Consider this article from the Weekly Standard. (H/T ECM)

Excerpt:

Private sector unions have a natural adversary in the owners of the companies with whom they negotiate. But public sector unions have no such natural counterweight. They are a classic case of “client politics,” where an interest group’s concentrated efforts to secure rewards impose diffused costs on the mass of unorganized taxpayers. Also unlike private sector unions, those in the public sector can achieve influence on both sides of the bargaining table by making campaign contributions and organizing get-out-the-vote drives to elect politicians who then control the negotiations over their pay, benefits, and work rules. The result is a nefarious cycle: Politicians agree to generous government worker contracts; those workers then pay higher union dues a portion of which are funneled back into those same politicians’ campaign war chests. It is a cycle that has driven California and New York to the edge of bankruptcy.

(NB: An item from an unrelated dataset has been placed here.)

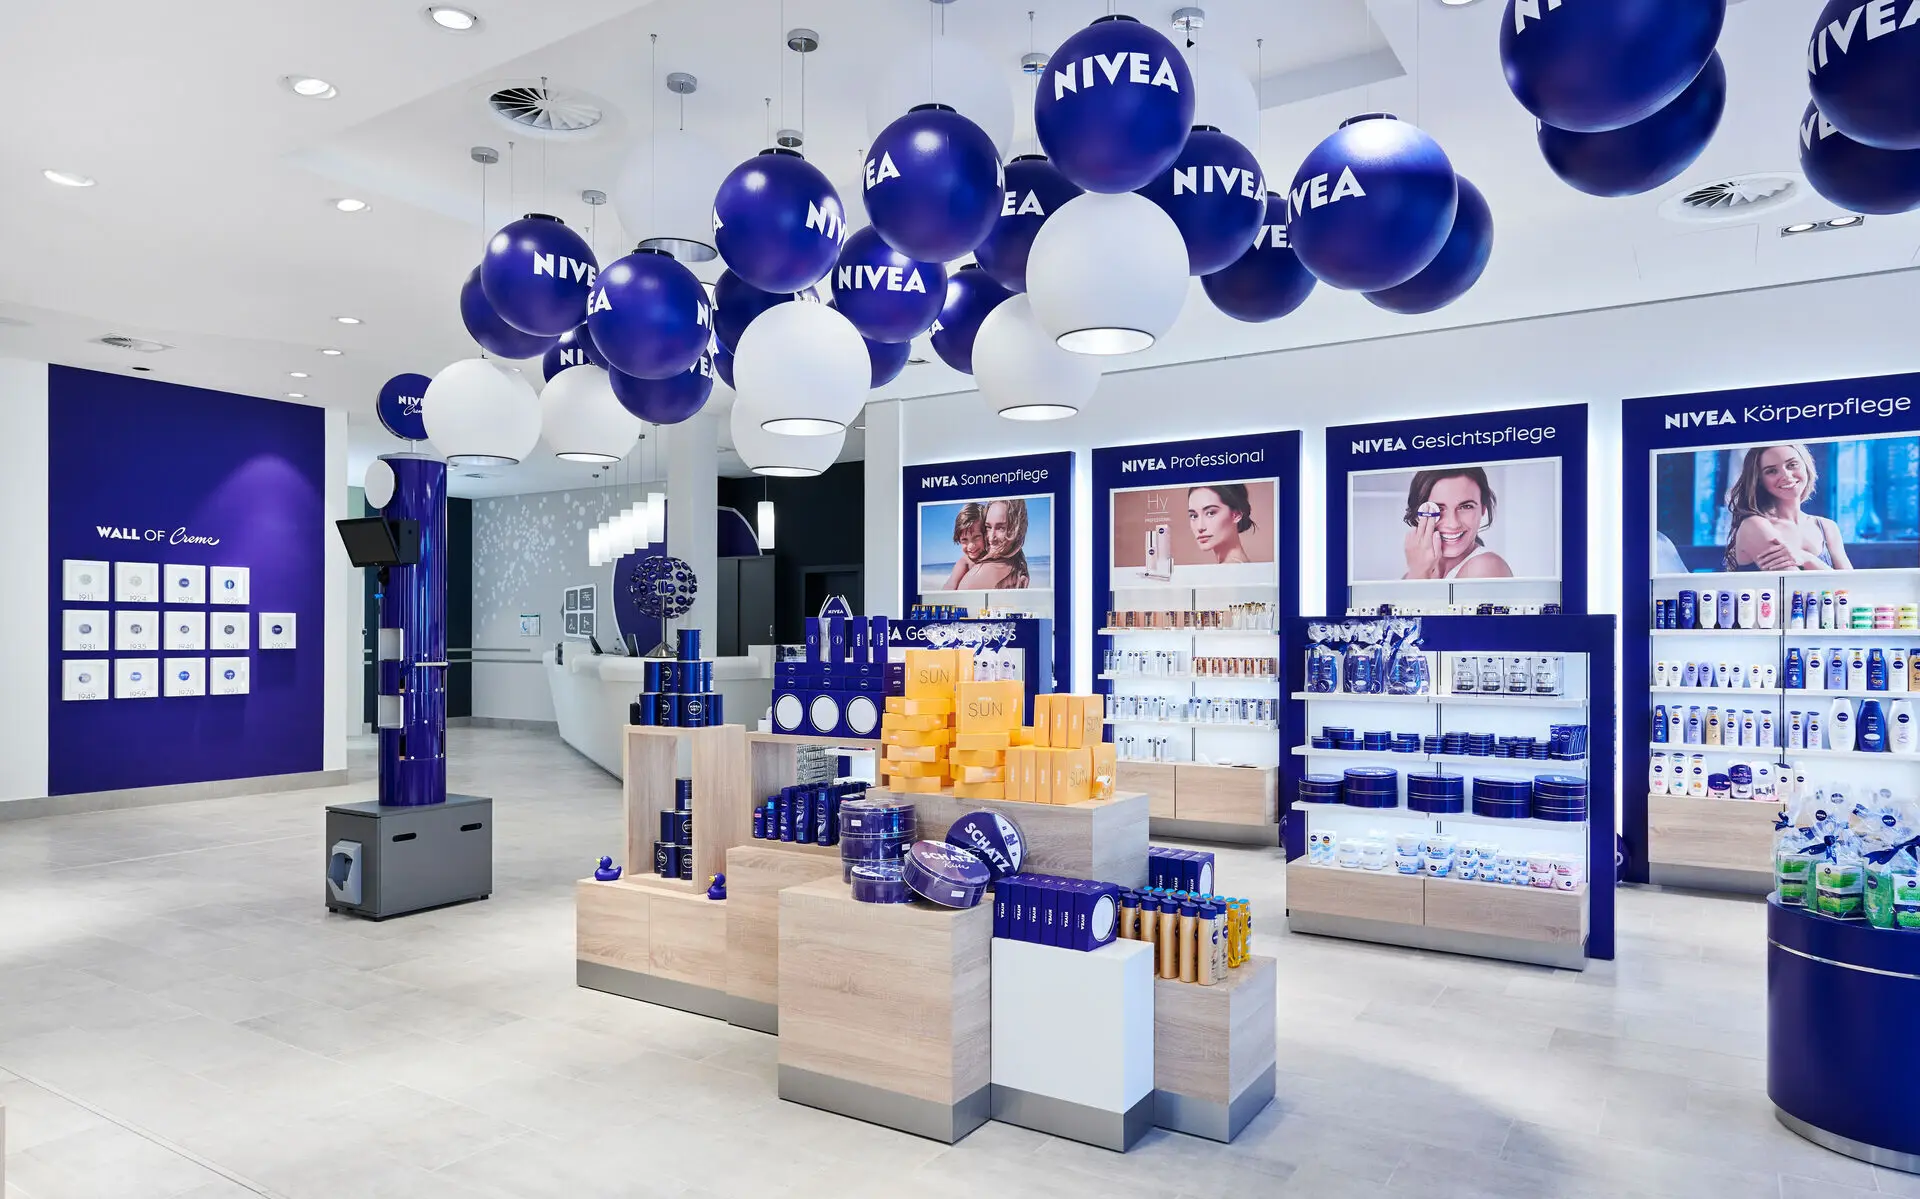 In einem Verkaufsraum mit hellem Holzboden und weißen und dunkelblauen Wänden sind diverse NIVEA Produkte in den Regalen und verschiedenen Verkaufsaufstellern zu erkennen. An der Decke hängen blaue und weiße Luftballons mit dem NIVEA Logo bedruckt.

[…]Consider what happened in Washington State. After helping Democrats win full control of the legislature in 2002, the state affiliate of the Association of Federal, State, County, and Municipal Employees (AFSCME) and other unions persuaded lawmakers to lift the collective bargaining restrictions. Within three years the number of union members had doubled. With more state employees paying dues, the amount of union dollars flowing into the coffers of Democrats running in state elections also doubled. A prime beneficiary of such union generosity was Christine Gregoire, who became governor in 2004 after one of the closest elections in the state’s history. (AFSCME gave $250,000 to the state Democratic party to help pay for the recount that handed her the election by 129 votes). Once in office, Gregoire negotiated contracts with the unions that resulted in double-digit salary increases, some exceeding 25 percent, for thousands of state employees. In 2007, J. Vander Stoep, an adviser to Republican Dino Rossi, Gregoire’s 2004 opponent, prophetically remarked that the unions’ arrangement with the Democrats was “a perfect machine to generate millions of dollars for her reelection. . . . They are building something that conceivably can never be undone—at taxpayer expense.” In their 2008 rematch, Rossi lost again to Gregoire, this time by 194,614 votes.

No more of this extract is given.